As for why, various explanations are offered, including an inventive Persian cat comparison:
Because the track of this storm was relatively far offshore, it did not pack the wallop of wet warm ocean air that northeasters can, so the snow was dry and fluffy. Very, very fluffy. Like a Persian cat in a roomful of hair dryers. Thus it blew right off tree branches rather than snapping them down onto power lines. It practically shoveled itself.
Then there’s the issue of measurement:
News of the record-breaking storm that rolled through this weekend did not particularly impress Mr. [Billy] Slavin. “They keep records for Central Park,” Mr. Slavin said. “This is Elm Park [Staten Island].”
Mr. Slavin hit on another mitigating aspect of this storm. There really was less snow in Elm Park. And it wasn’t just Elm Park. Borough Park, Ozone Park, Parkchester, Park Ridge, Minnewaska State Park, the Vince Lombardi Park & Ride — just about any park other than Central, the record-breaking storm actually broke no record at all.
For according to Geoff Cornish, a meteorologist at Pennsylvania State University, the heaviest snow fell in a 15-mile-wide band that passed directly over Midtown Manhattan, the southeastern Bronx and northwestern Queens. Thus La Guardia Airport in Flushing received 9 inches more snow than Kennedy, and nobody in Brooklyn saw even 20 inches, let alone two feet.
In fact, of the 17.7 million people who live in the National Weather Service district that includes Central Park, fewer than half live in counties that recorded a two-foot snowfall.
One more thing.
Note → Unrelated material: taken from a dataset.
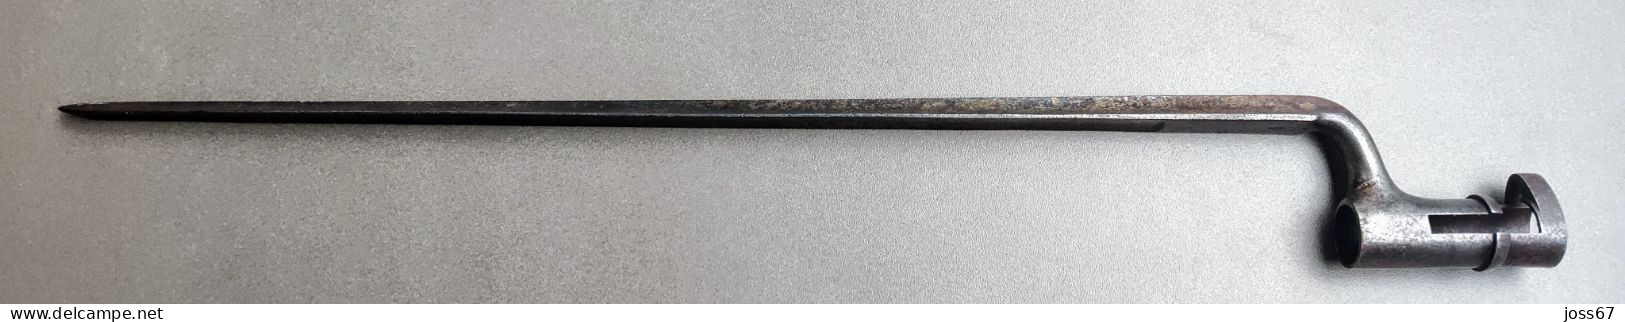 Baïonnette 1841 Dreyse - Armas Blancas
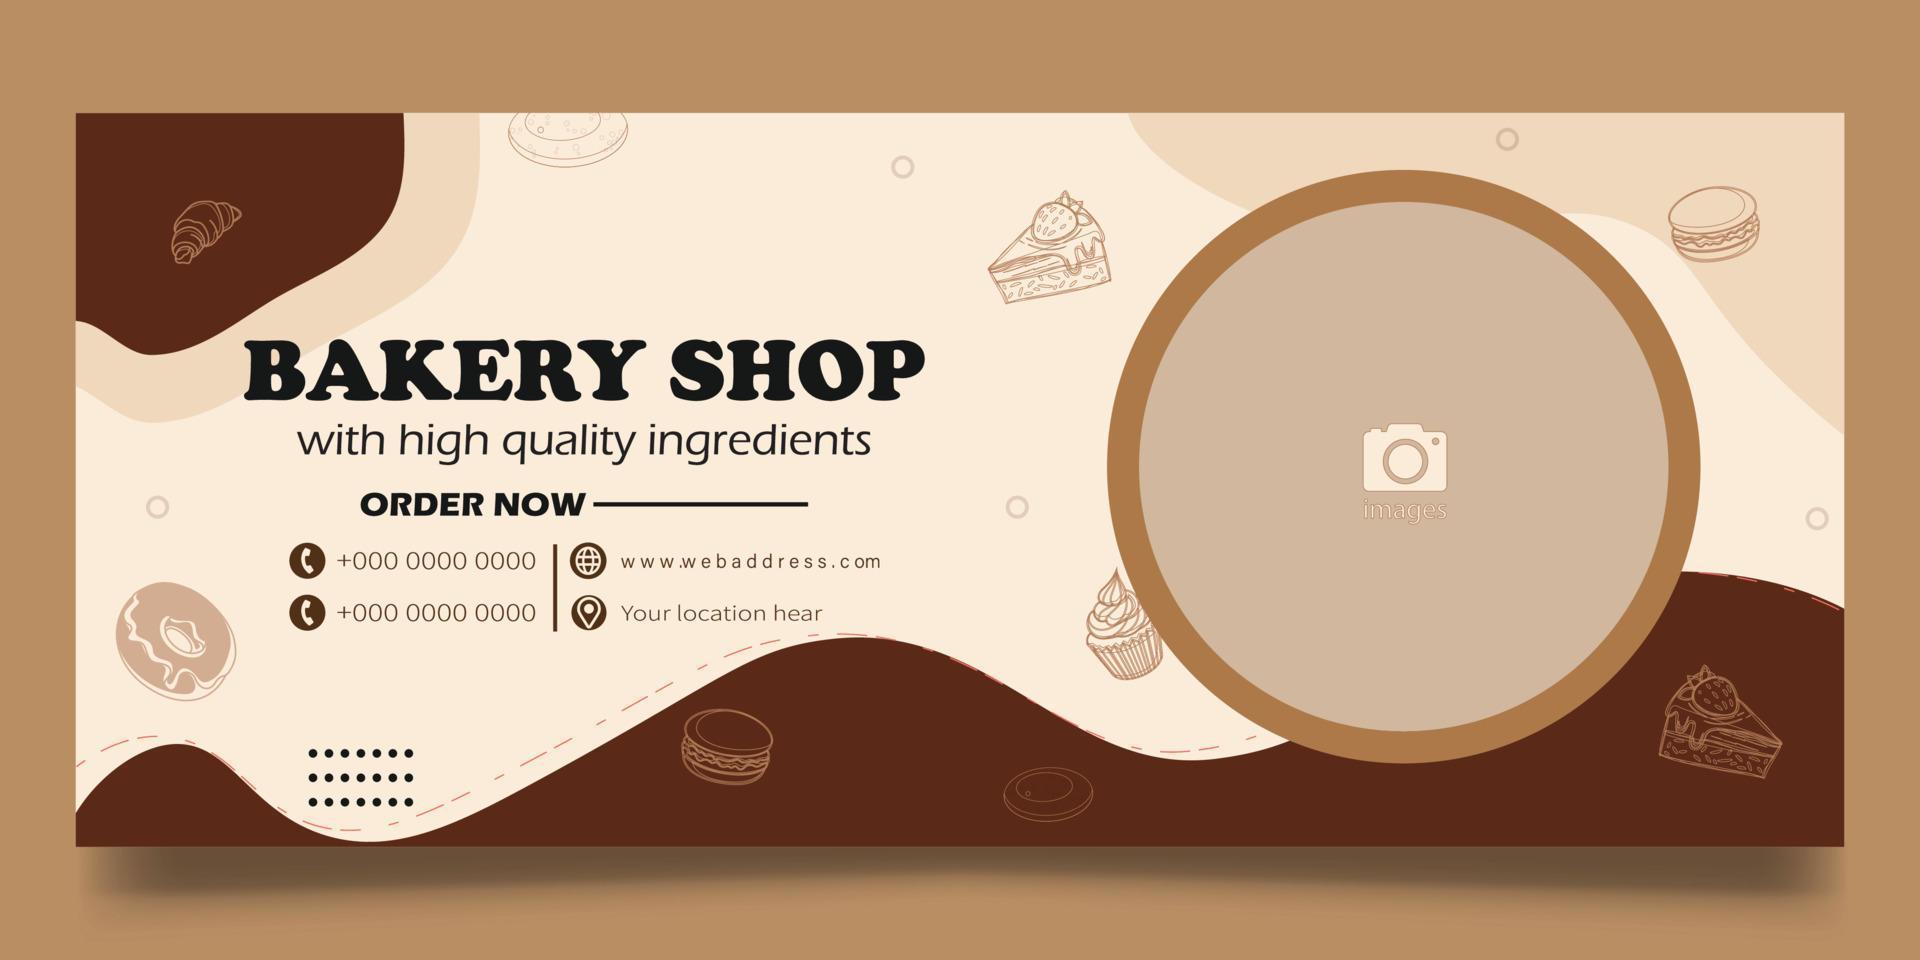 banner web de panadería vector

Not to cast doubt on a record — or on the hard-working people who keep it — but do you know who measures the snow at Central Park? The security guards at the zoo. They read the numbers off a stick set in a flat, tree-ringed clearing near the sea lion pool.
Therefore, the words, “According to the National Weather Service, the snowfall in Central Park . . .” actually mean, “According to the security guards at the Central Park Zoo.”
Well, thanks for spoiling it. Jerks.